Until the human population levels off, and until our demands on the planet become sustainable, we’ll be fighting a rearguard action for the natural world.  Each species we lose is another thread unravelling from the fabric of life, and a door in our future slamming shut.  Although conservation efforts are helping slow down the rate of extinction in some areas, MUCH more needs to be done at every level, as well as a real change in how we live, breed and consume.  There is still time – just – to turn things around, but we have to keep on fighting hard for nature.  Human population increase is a global problem and our expanding footprint the biggest threat to the natural world.  But people are also ultimately the solution, if we can harness their goodwill, intelligence, ingenuity and compassion as a force for change. The surest and kindest way to reduce birth rates is through providing education and opportunity, as well as access to good healthcare and contraceptives, but it needs to be done in a sensitive way so that both people and wildlife see the benefit.  Supporting family planning initiatives is money well spent and putting pressure on governments can only help. The first steps towards real change starts in our own back yards, practicing what we preach and leading by example.

  1. To what extent is the absence of tusks a genetic phenomenon? We were surprised that the three females we saw without tusks, (Cinnamon, Monarch, and one of the Rivers) were from three different families.

Some elephants are born genetically tuskless.  In fact, I have the skull of one of them in camp, and you can see quite clearly the lack of “tusk-holes” where you would expect to see ivory protrude from the bone. Others lose their tusks from fighting, breakages or infection.

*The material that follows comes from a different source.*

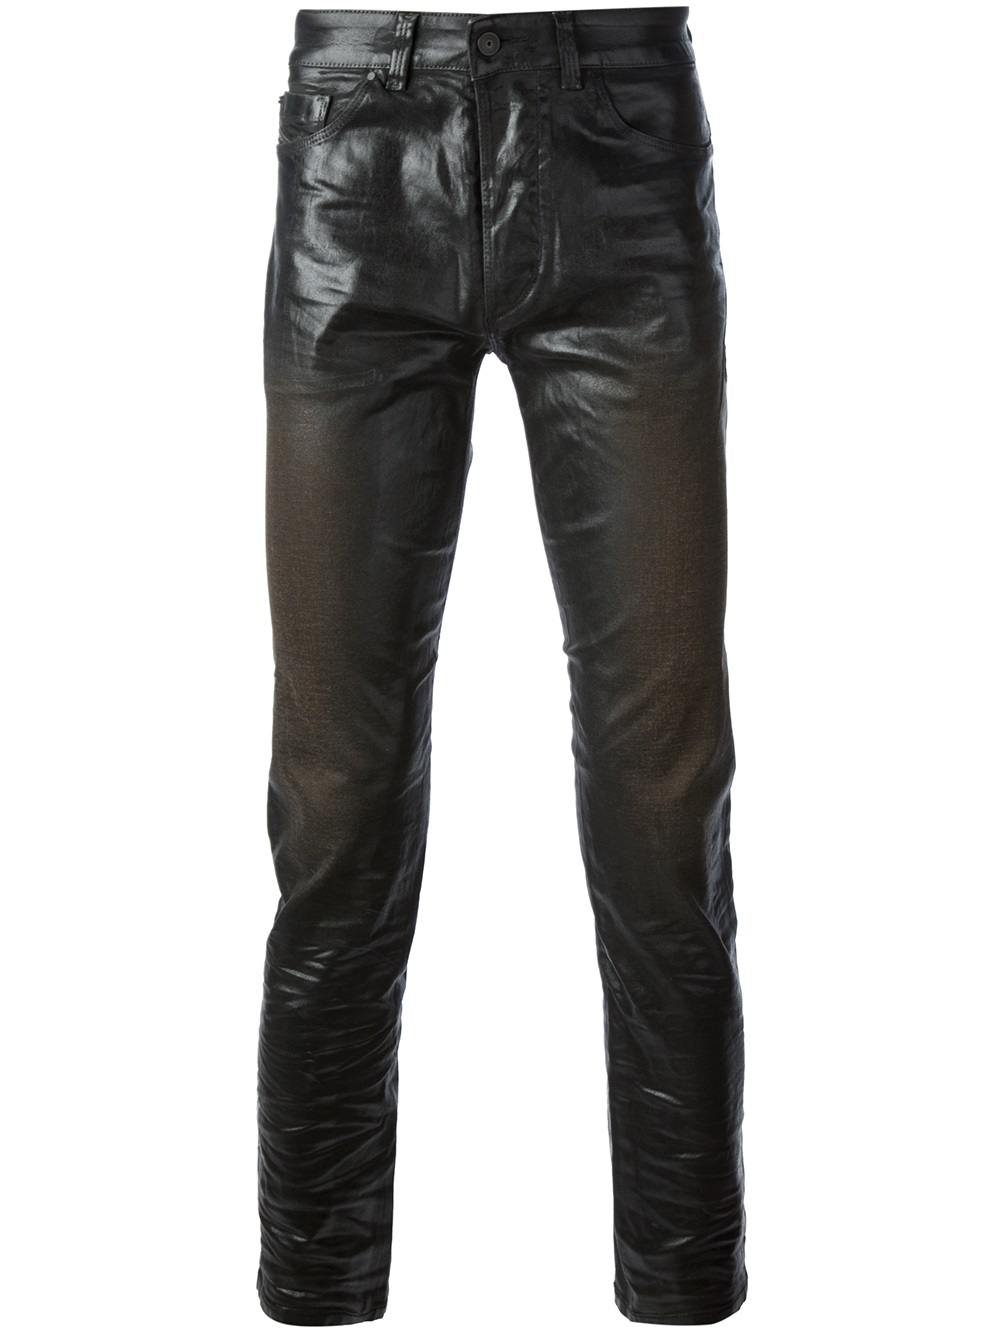 Lyst - Diesel Black Gold Superbianp Trouser in Black for Men

In areas where there has been a lot of hunting for ivory, the high level of long term predation on big tuskers has resulted in a pronounced decrease in tusk size, and in some areas an increase in tusklessness.  Bull elephants have much bigger and heavier ivory so tend to be targeted first by poachers, after which the large females of breeding age are targeted and onward down the scale.  In the wild under natural non-poaching conditions, it is thought that only 2-4% of female African elephants never develop tusks, but a recent study of 200 known adult females in Gorongosa National Park, Mozambique, by my friend and elephant expert Joyce Poole, records tusklessness in 51% of those that survived the war (25 years or older), and 32% tusklessness in females born since the war (24 and younger).

  1. Which element of running your camp do you enjoy most?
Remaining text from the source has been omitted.